Along with monetary almsgiving. other hadiths describe that smiling and saying good words to each other, planting trees, giving water to the thirsty (mankind and all other creatures) and removing harm from the streets are also forms of Sadakah.
Various studies point at the positive effects of Islamic forms of charity, if well-used and applied on socioeconomic development at different levels, from poverty reduction strategies to human development such as (Mannan, 1983; 1989); (Sadeq, 1980; 1989; 2002); (Ibrahim, 2015). It appears that in many Muslim countries, apart from Malaysia, Islamic forms of charity have not been actualized through incorporation into the development discourse and practice. Khan (2001), for instance, concluded that Bangladesh has impressive initiatives of poverty reduction projects such as “micro-credit operation, social safety nets, cash transfers etc” (p.122), yet, the government does no incorporate Islamic charity concepts such as Zakat and Waqf. Khan argues that those Islamic charitable instruments can play an effective role in poverty alleviation efforts in Bangladesh if implemented by the concerned authorities.
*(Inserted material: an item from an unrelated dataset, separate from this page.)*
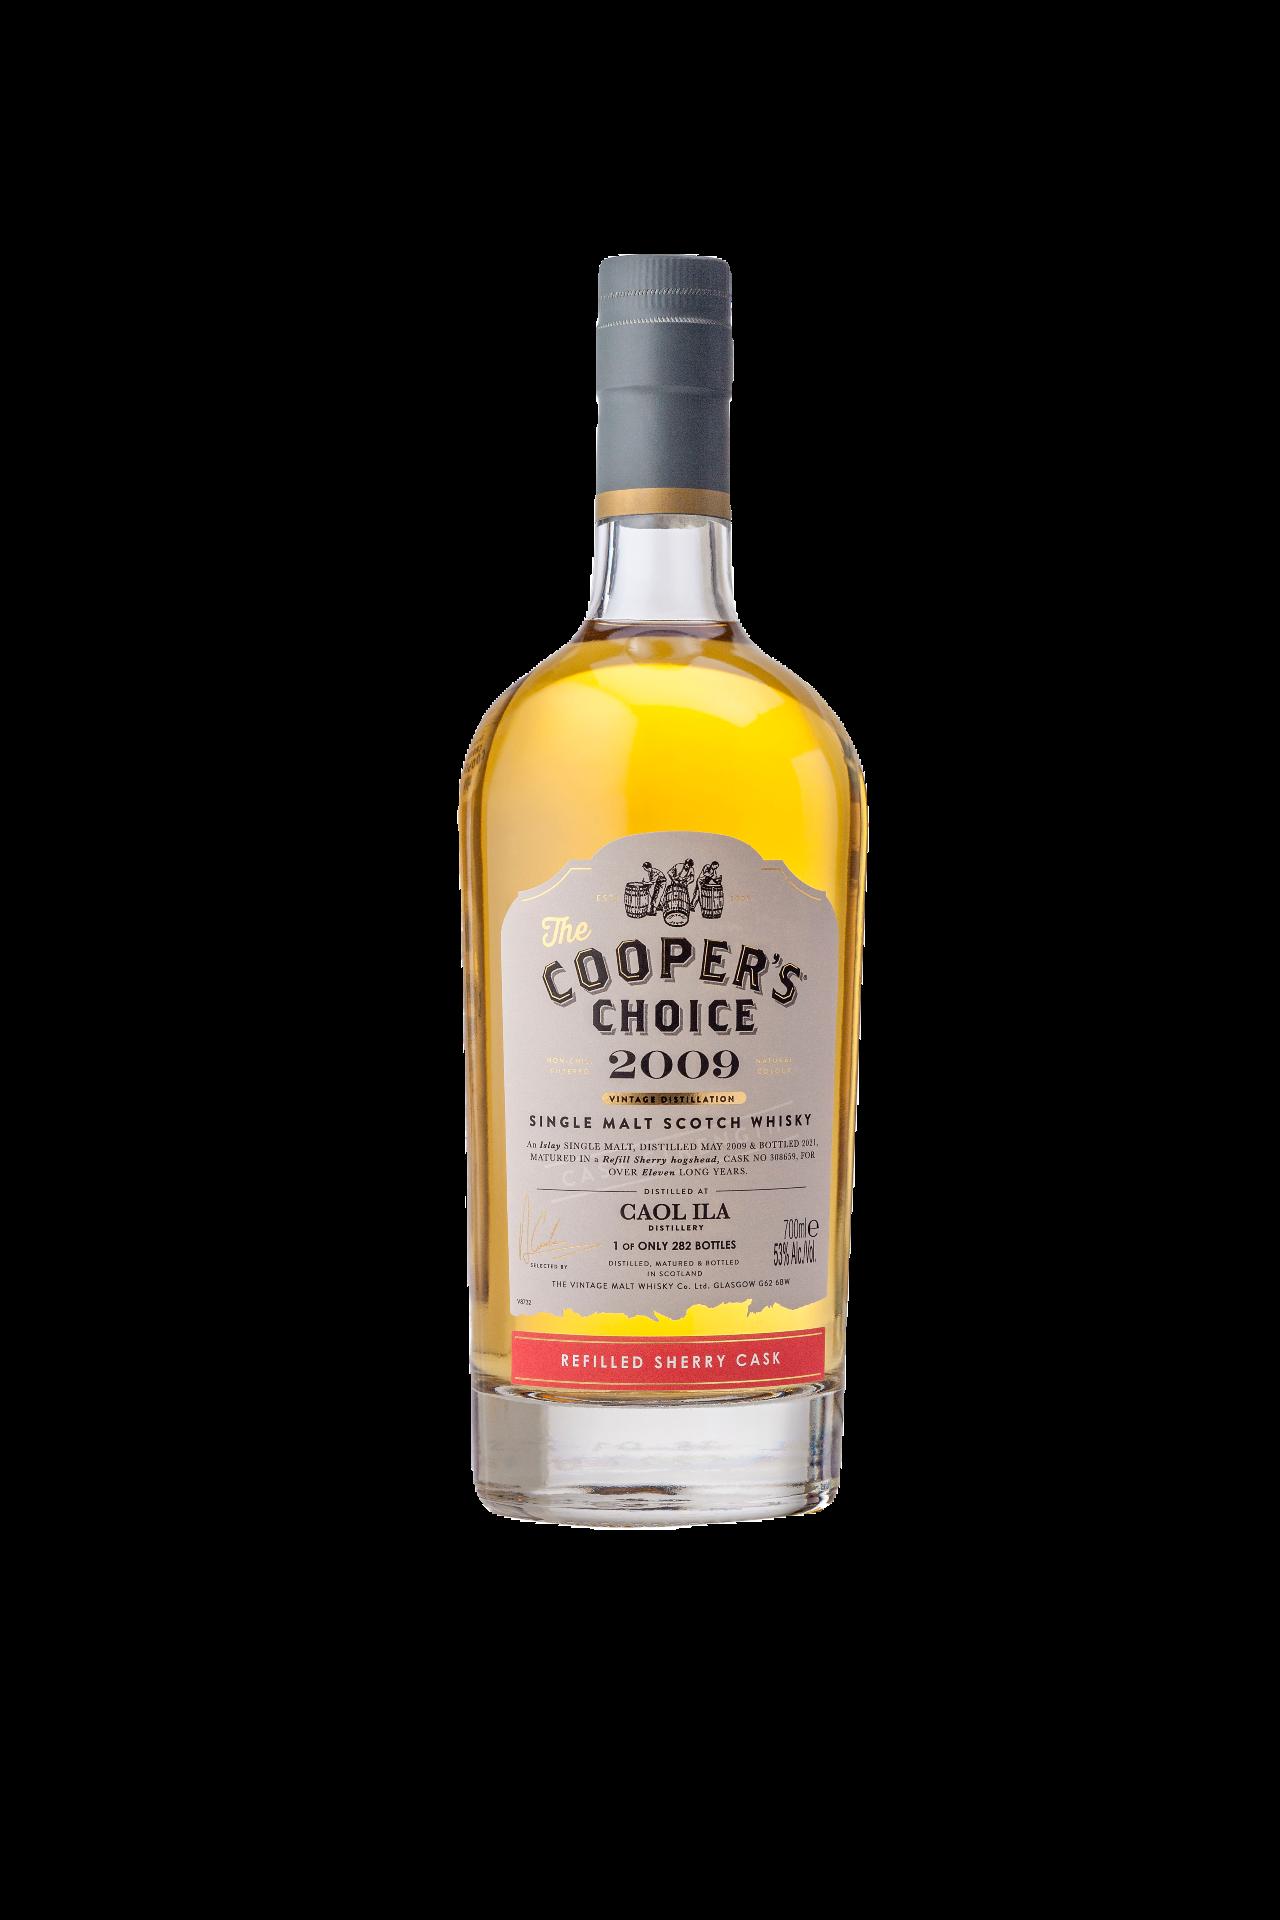 CAOL ILA 2009, REFILL SHERRY HOGSHEAD, 11 YO, 53% Cooper's Choice
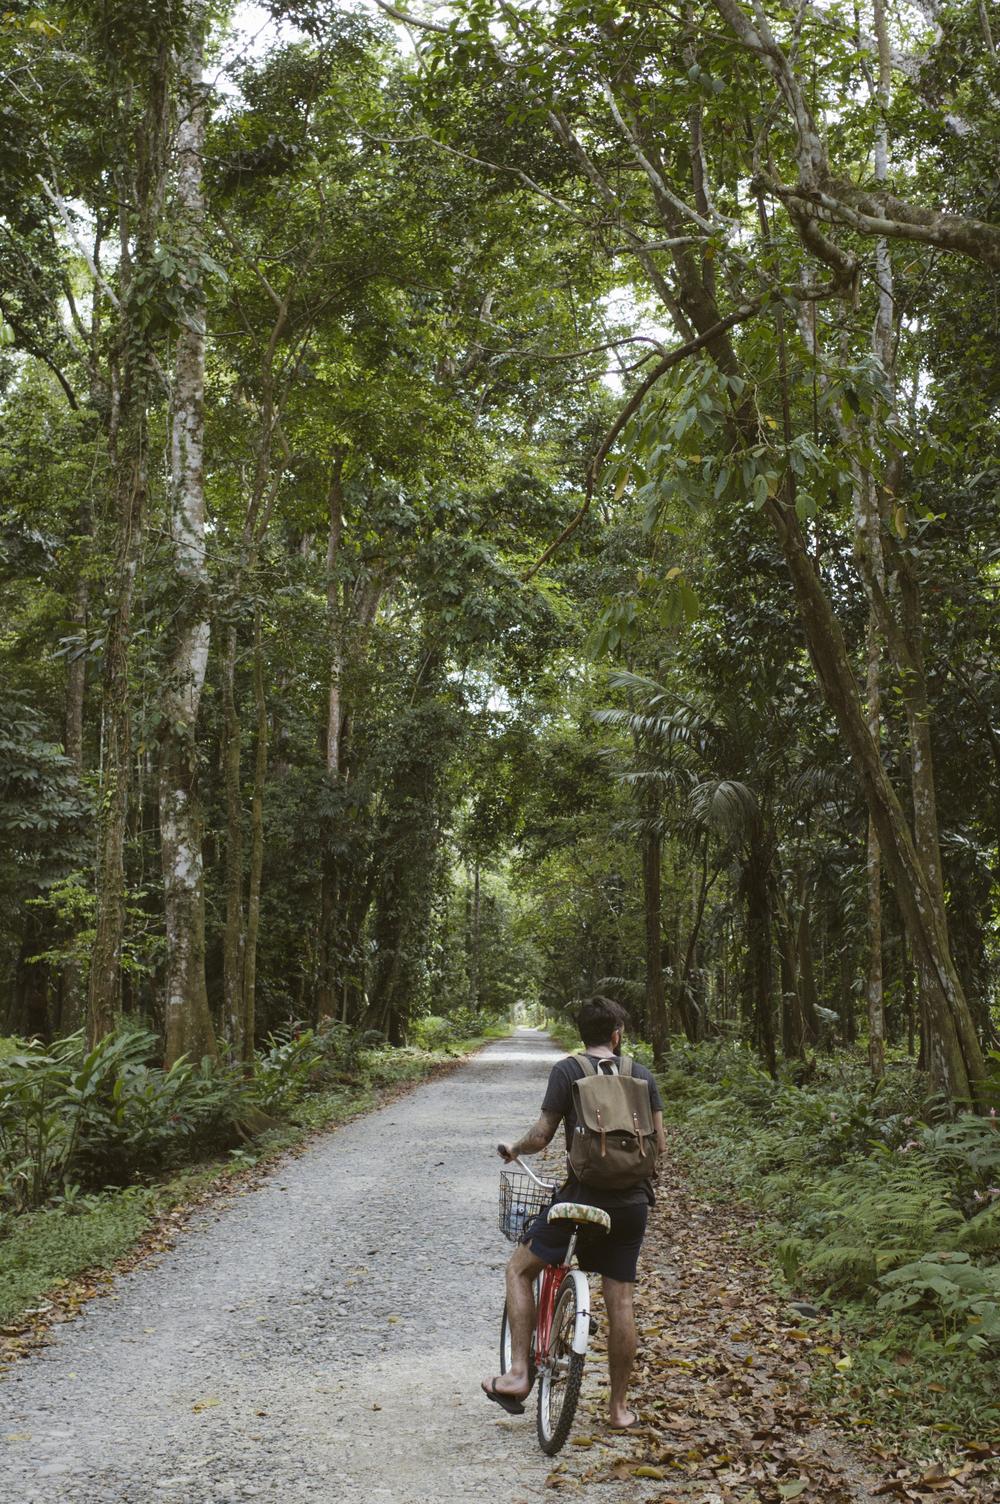 Costa_Rica_477.jpg

Muslim FBOs, on the other hand, internalized and implemented the principal doctrines of Islamic charity in their fundraising projects, so what are these organizations and how they are defined in the context of development?
It is important to understand from the outset that Faith Based Organizations (FBOs) are considered agencies of the humanitarian sector. Palmer (2011) argues that the humanitarian sector has a tendency to evade the involvement with religion due to the potential dangers of perceived discrimination and partiality. Clarke (2008), on the other hand, notes that the humanitarian agencies have recently become more aware of the importance of religion in providing aid to the beneficiaries. Those humanitarian agencies that have aligned themselves with religion or even to somewhat less well-institutionalized spiritual traditions, become known as FBOs (Thomas, 2005. as cited in Palmer, 2011).
1 The Sayings of Prophet Muhammad
2 mam at the Palestinian ministry of Awqaf, interviewed over a phone call on October 2, 2018.